- TASK MATERIAL:
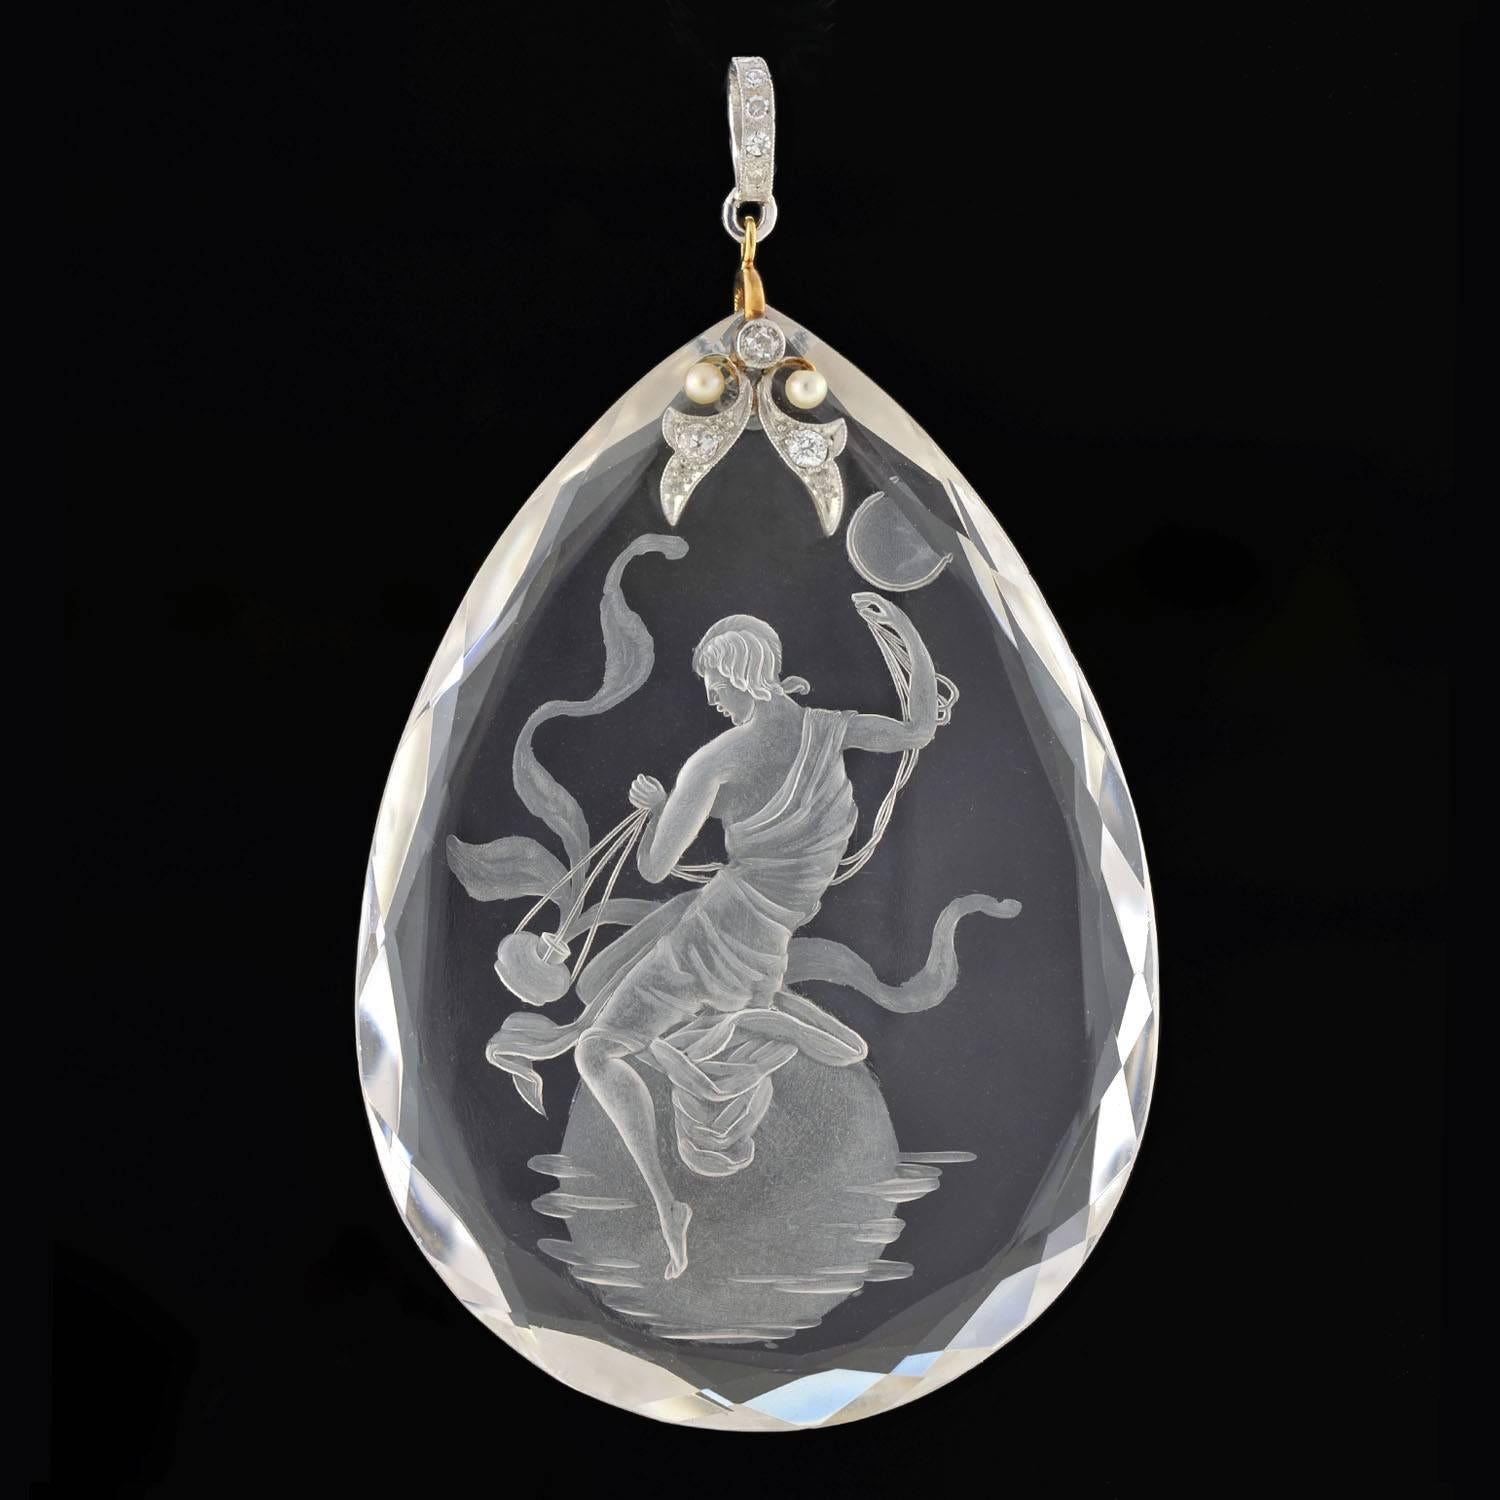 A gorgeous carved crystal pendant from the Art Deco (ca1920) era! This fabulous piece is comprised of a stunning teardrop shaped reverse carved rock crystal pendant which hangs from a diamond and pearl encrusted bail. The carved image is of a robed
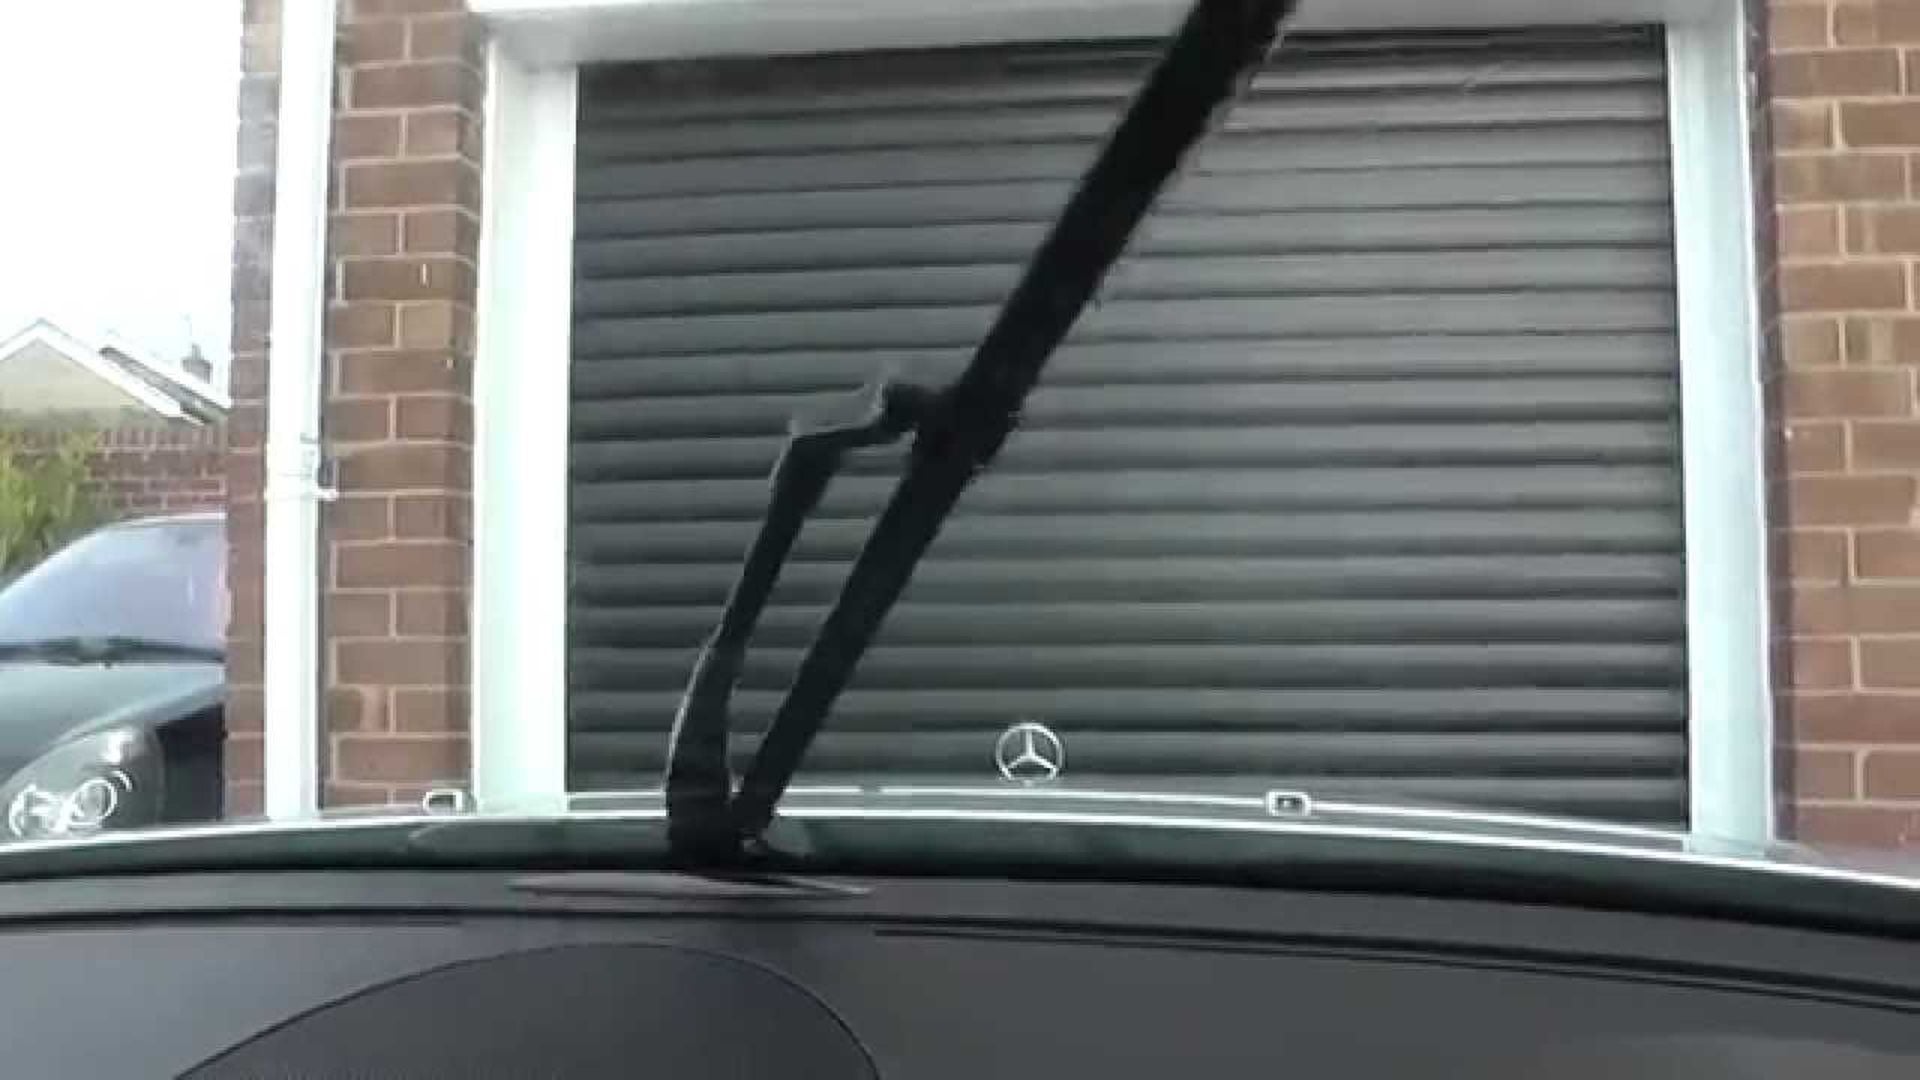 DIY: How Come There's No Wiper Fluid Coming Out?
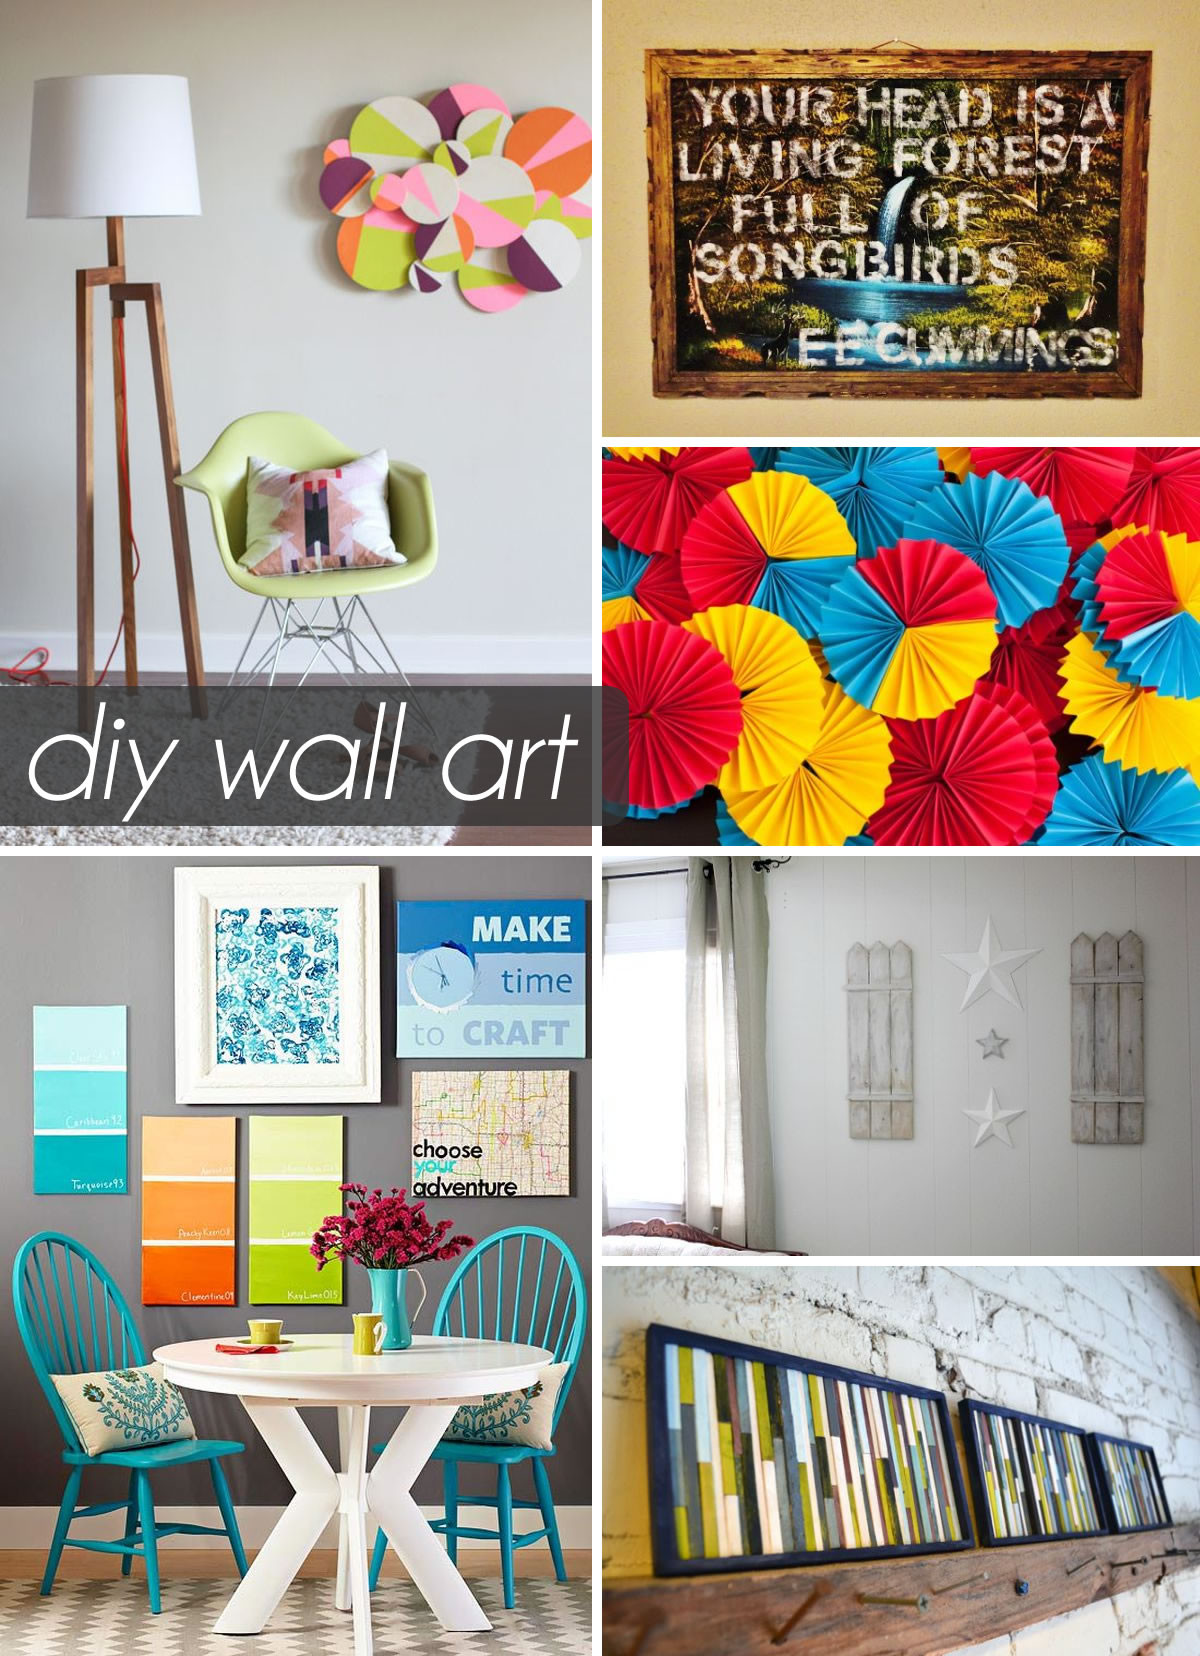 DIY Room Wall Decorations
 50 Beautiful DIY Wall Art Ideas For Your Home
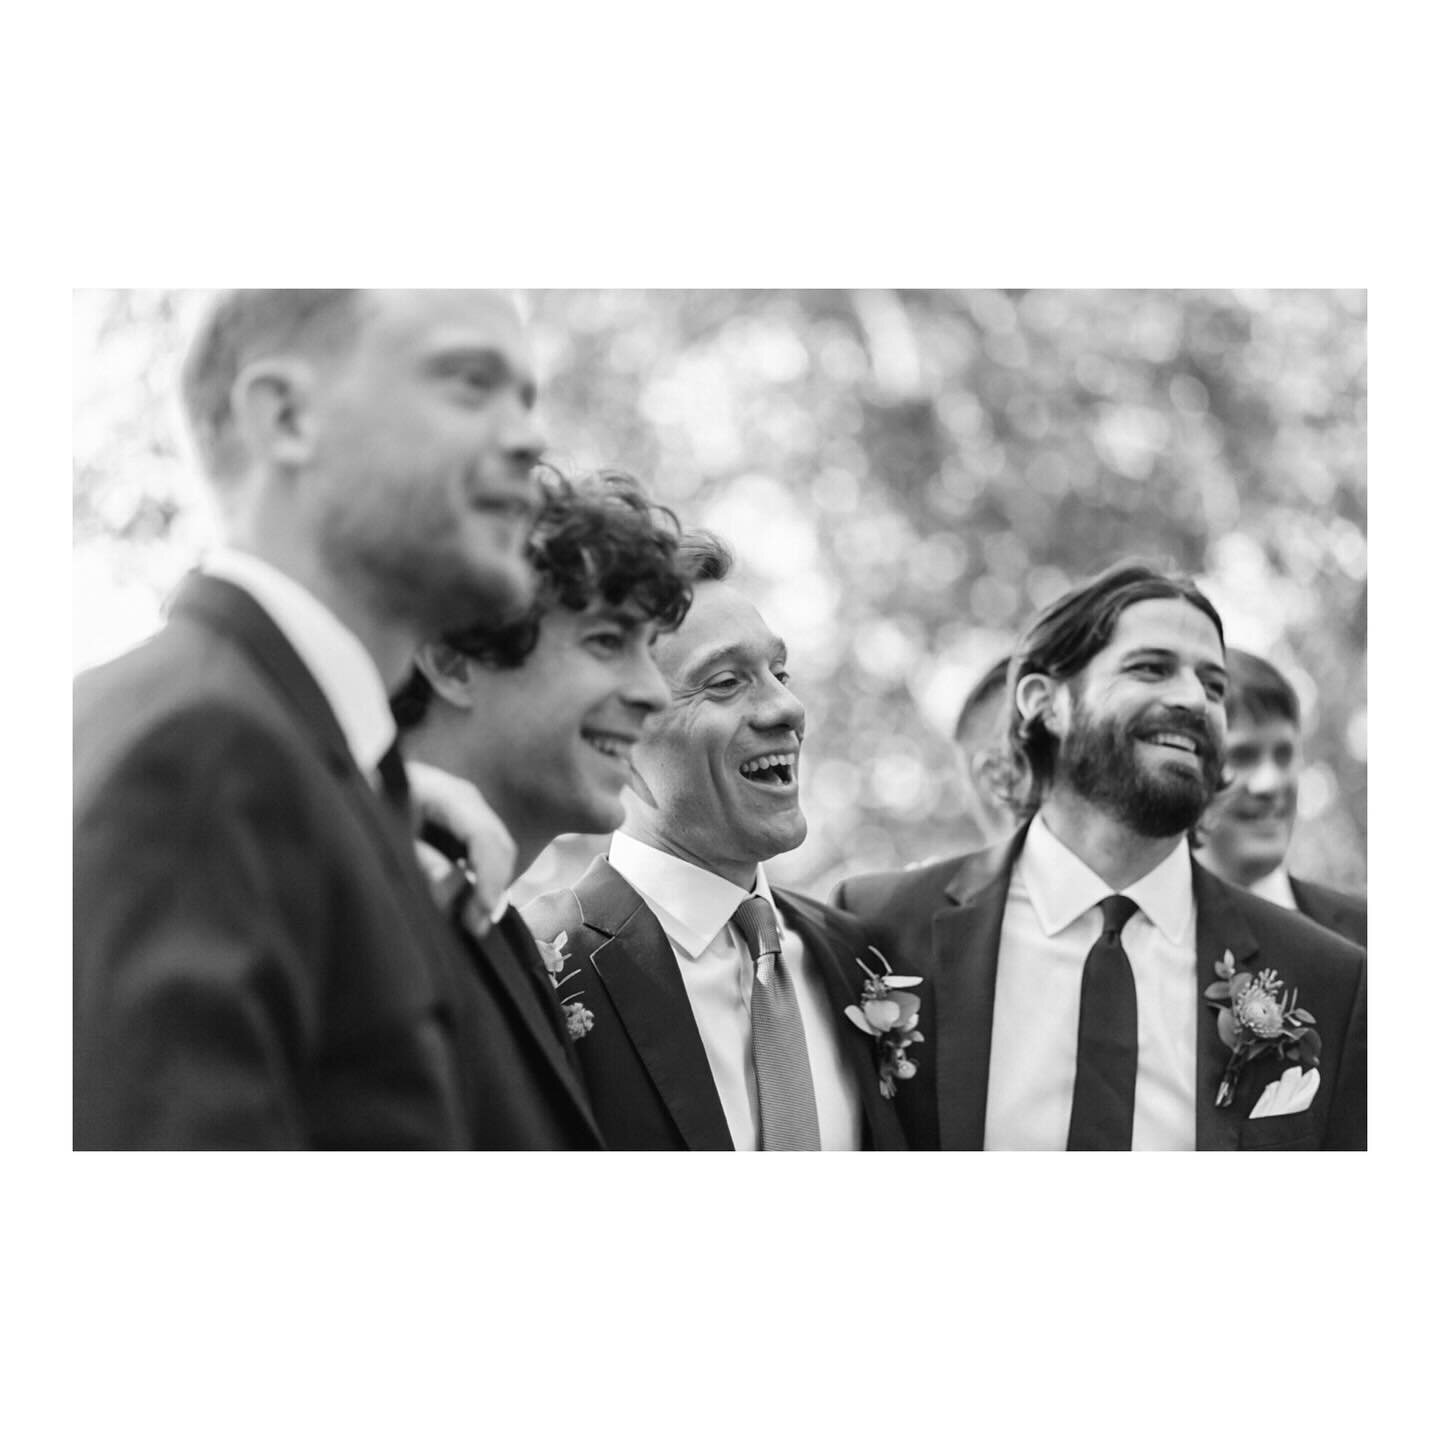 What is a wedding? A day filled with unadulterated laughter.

- BRIEF: Lines from the start of the listing above through the line holding "DIY: How Come" are to be duplicated exactly, and nothing more; leave out the pictures.

- SOLUTION TO THE EXERCISE:
 A gorgeous carved crystal pendant from the Art Deco (ca1920) era! This fabulous piece is comprised of a stunning teardrop shaped reverse carved rock crystal pendant which hangs from a diamond and pearl encrusted bail. The carved image is of a robed
 DIY: How Come There's No Wiper Fluid Coming Out?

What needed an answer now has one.